The method of word-based insertion.This method is by establishing the feature representation model based on deep learning, and training is multi-lingual Kind term vector.This method combination context accurately obtains semantic information, and feature is made to obtain specifically indicating very much.
One main difficulty of multilingual text classification is multilingual text representation, it is therefore proposed that a kind of new is multilingual Text representation and neural network model, solve the problems, such as languages.
Summary of the invention
For the problems mentioned above in the background art, the invention discloses a kind of fusion subject information and BiLSTM-CNN Multilingual file classification method, be able to solve languages problem.

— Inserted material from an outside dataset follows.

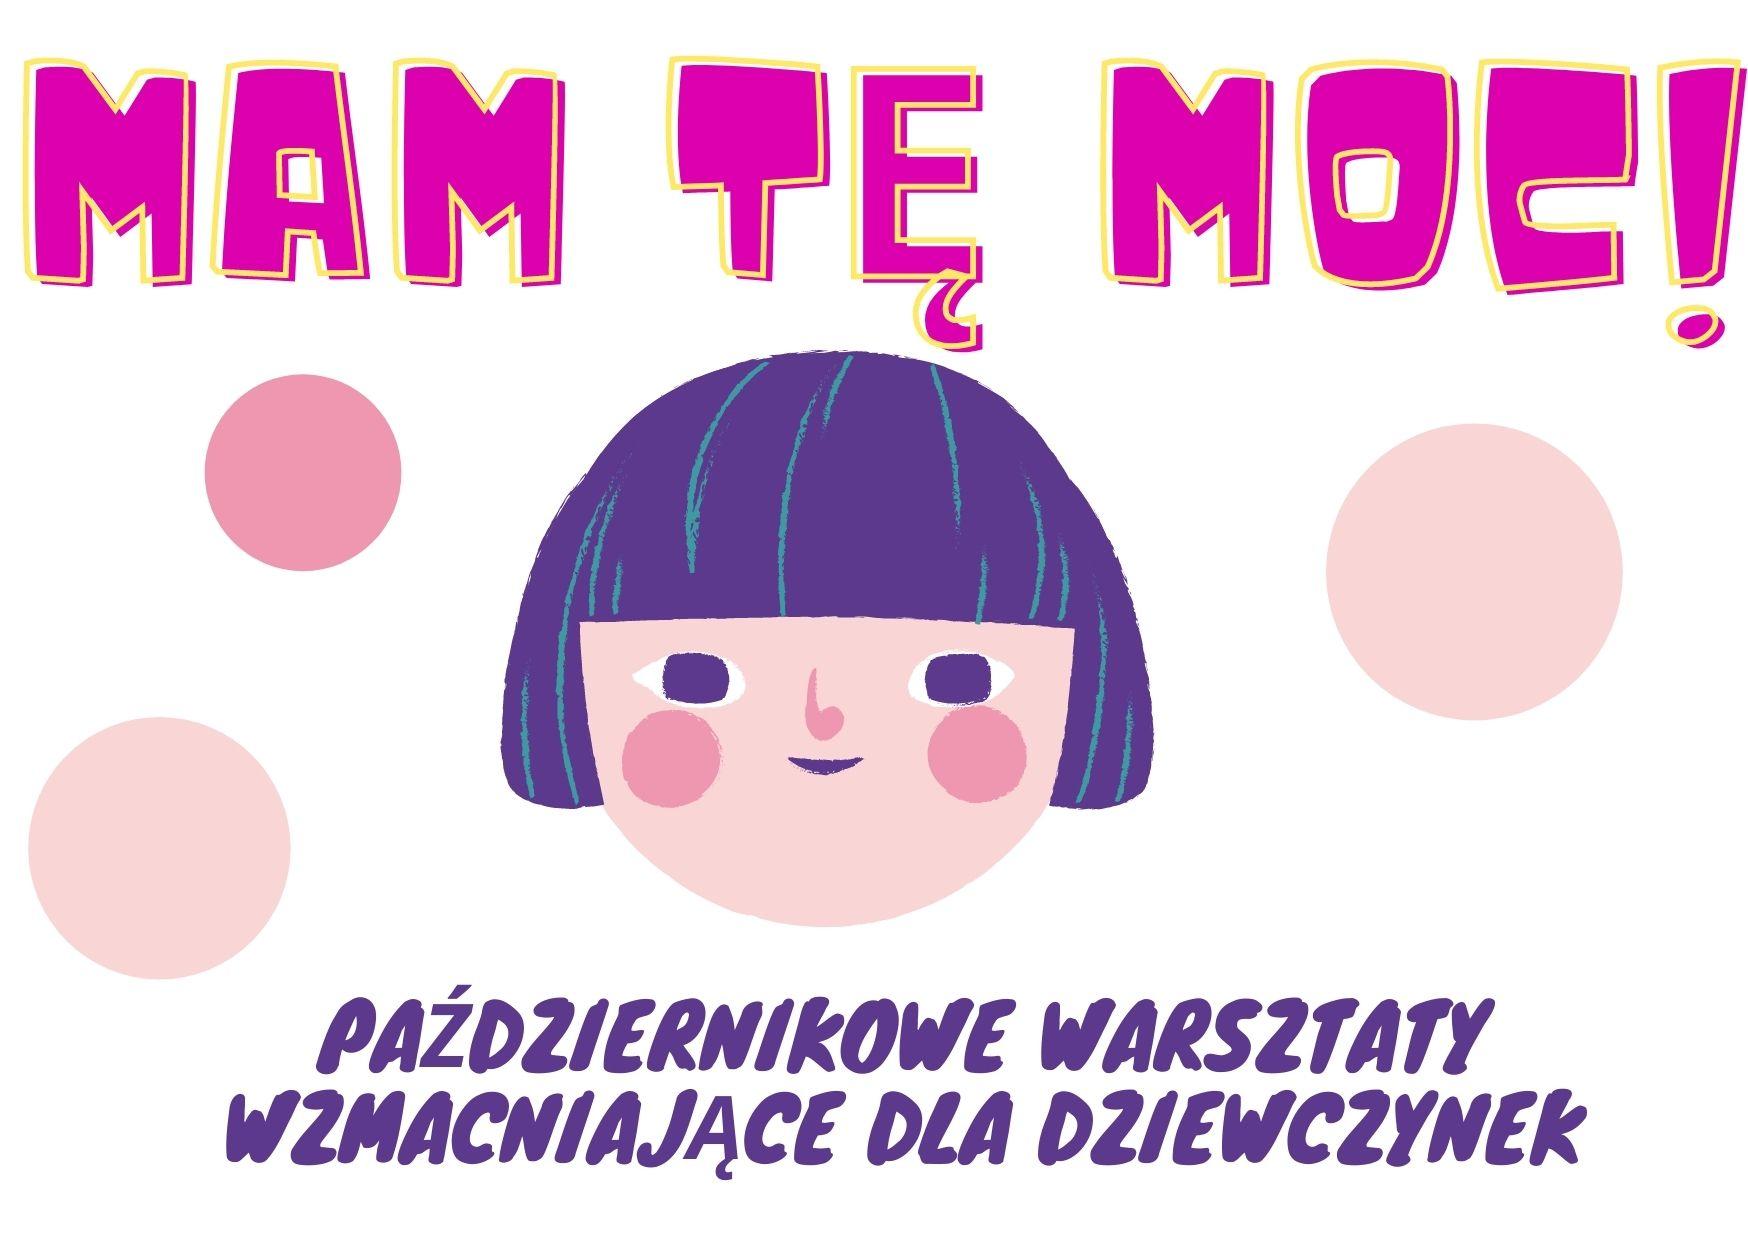 Na białym tle grafika z rysunkiem twarzy dziecka - dziewczynki. Napis w kolorze różowym: MAM TĘ MOC! Napis w kolorze fioletowym: PAŹDZIERNIKOWE WARSZTATY WZMACNIAJĄCE DLA DZIEWCZYNEK.

A kind of multilingual file classification method merging subject information and BiLSTM-CNN, comprising the following steps:
1) Parallel Corpus is constructed towards the multilingual parallel corpora of English in collecting;
2) languages text each in corpus is pre-processed;
3) term vector of each languages of word embedded technology training is utilized;
4) each languages text subject vector is extracted using topic model;
5) it builds suitable for multilingual neural network model, and merges subject information, carry out multilingual text representation.

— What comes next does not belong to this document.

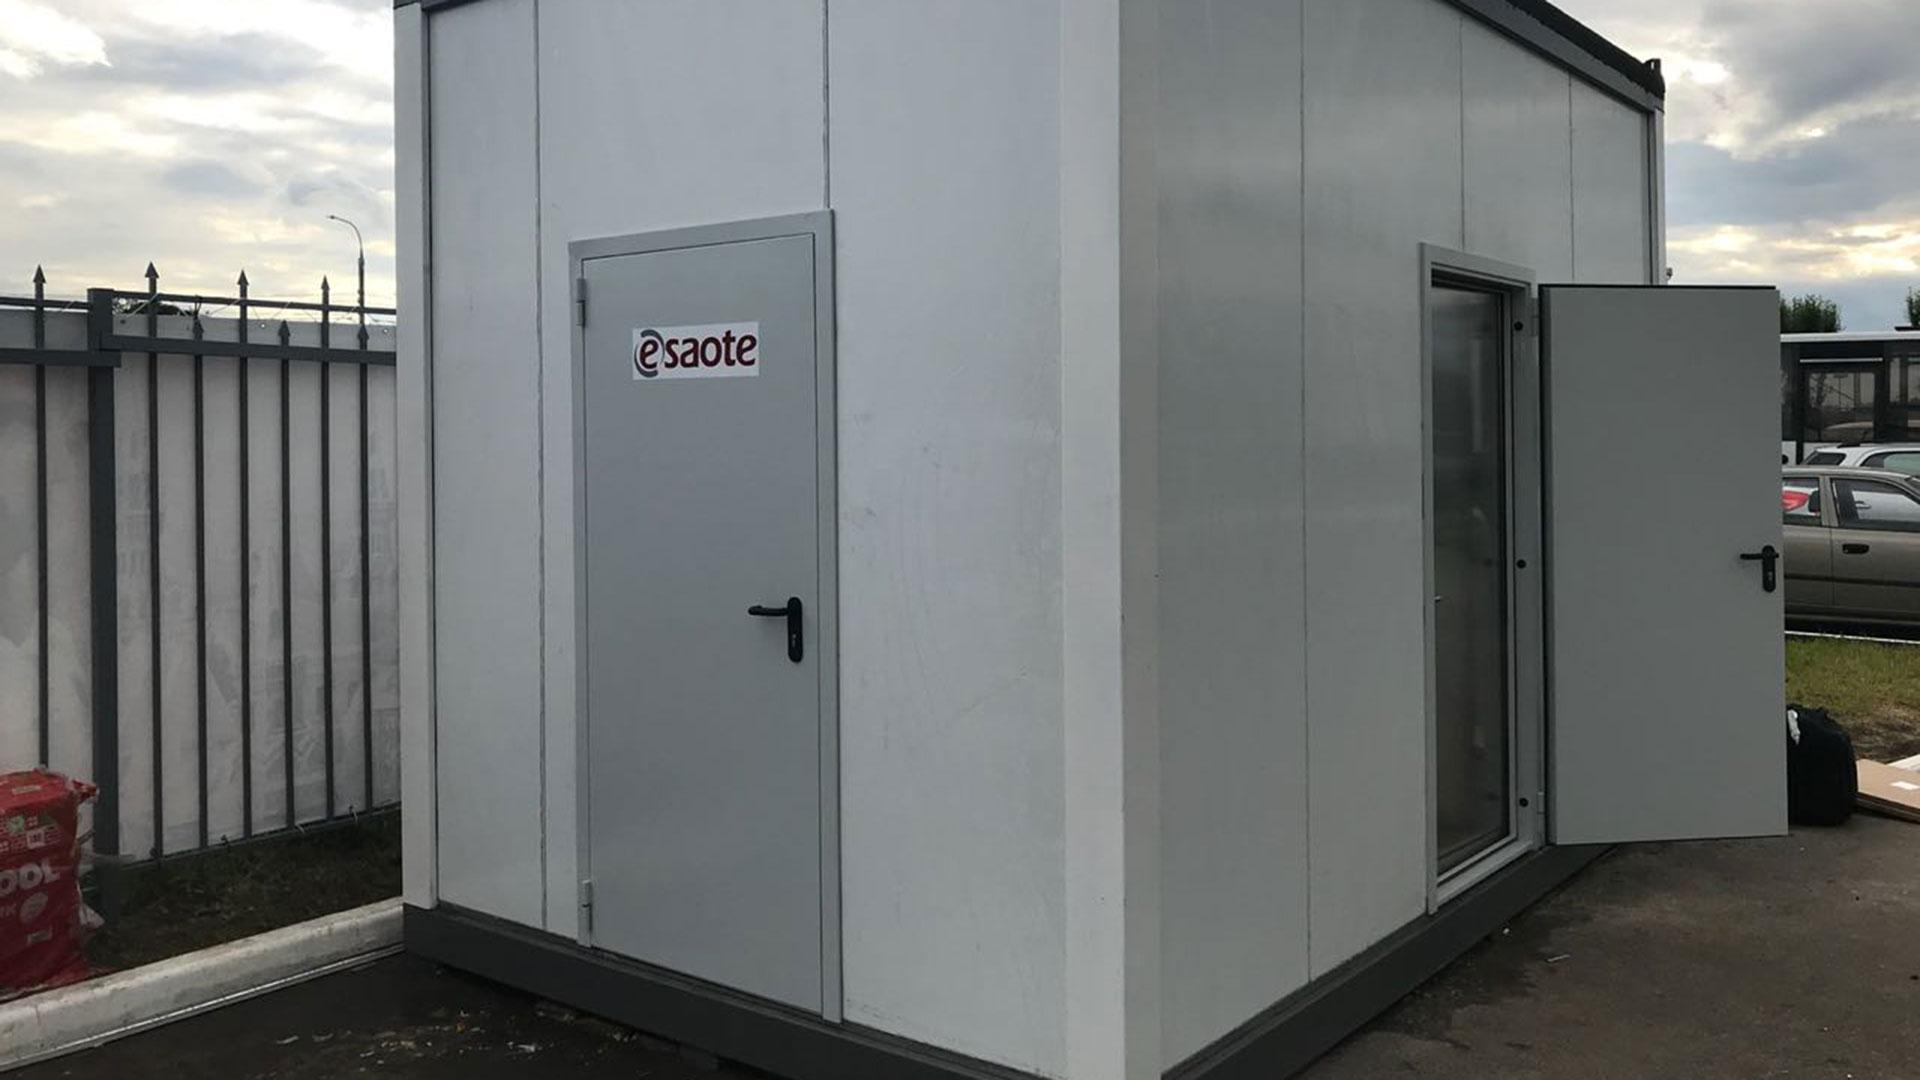 """El """"consultorio móvil"""" de diagnóstico por imágenes, equipado con un resonador Esaote y tres ecógrafos pórtatiles Sonosite"""

Preferably, when constructing multilingual Parallel Corpus in the step 1), towards 13 classes of three kinds of languages of English in collection Other scientific and technical literature abstract, the multilingual Parallel Corpus of content construction alignment;
Preferably, when handling each languages text in the step 2), detailed process is as follows:
S1: for Chinese corpus, building includes the scieintific and technical dictionary of biology, medicine, physics profession term, as The preference of participle is added in dictionary for word segmentation, optimizes Chinese word segmentation effect;
S2: extracting the stem of English word to English corpus, i.e., English word is reduced into its stem indicates;
S3: to needing to remove termination suffix and conjunction towards literary corpus, pronouns, general term for nouns, numerals and measure words and predicate are left;
Preferably, the term vector that each languages are trained in the step 3), is obtained using the CBOW model training of Word2vec The term vector that dimension is 220;
Preferably, the method that theme vector uses latent semantic analysis is extracted in the step 4), respectively to different language Text Feature Extraction its theme vector;
Preferably, it is built in the step 5) suitable for multilingual neural network model, the neural network model It is divided into three submodels, Chinese neural network model, English neural network model and Chao Wen neural network model, each submodel Neural network structure having the same, while the text of training different language obtains different model parameters, three submodels exist Finally cascade obtains complete neural network model, realizes multilingual text classification;
Preferably, in the step 5) Artificial Neural Network Structures of fusion subject information be divided into input layer, BiLSTM layers, CNN layers, full articulamentum and output layer.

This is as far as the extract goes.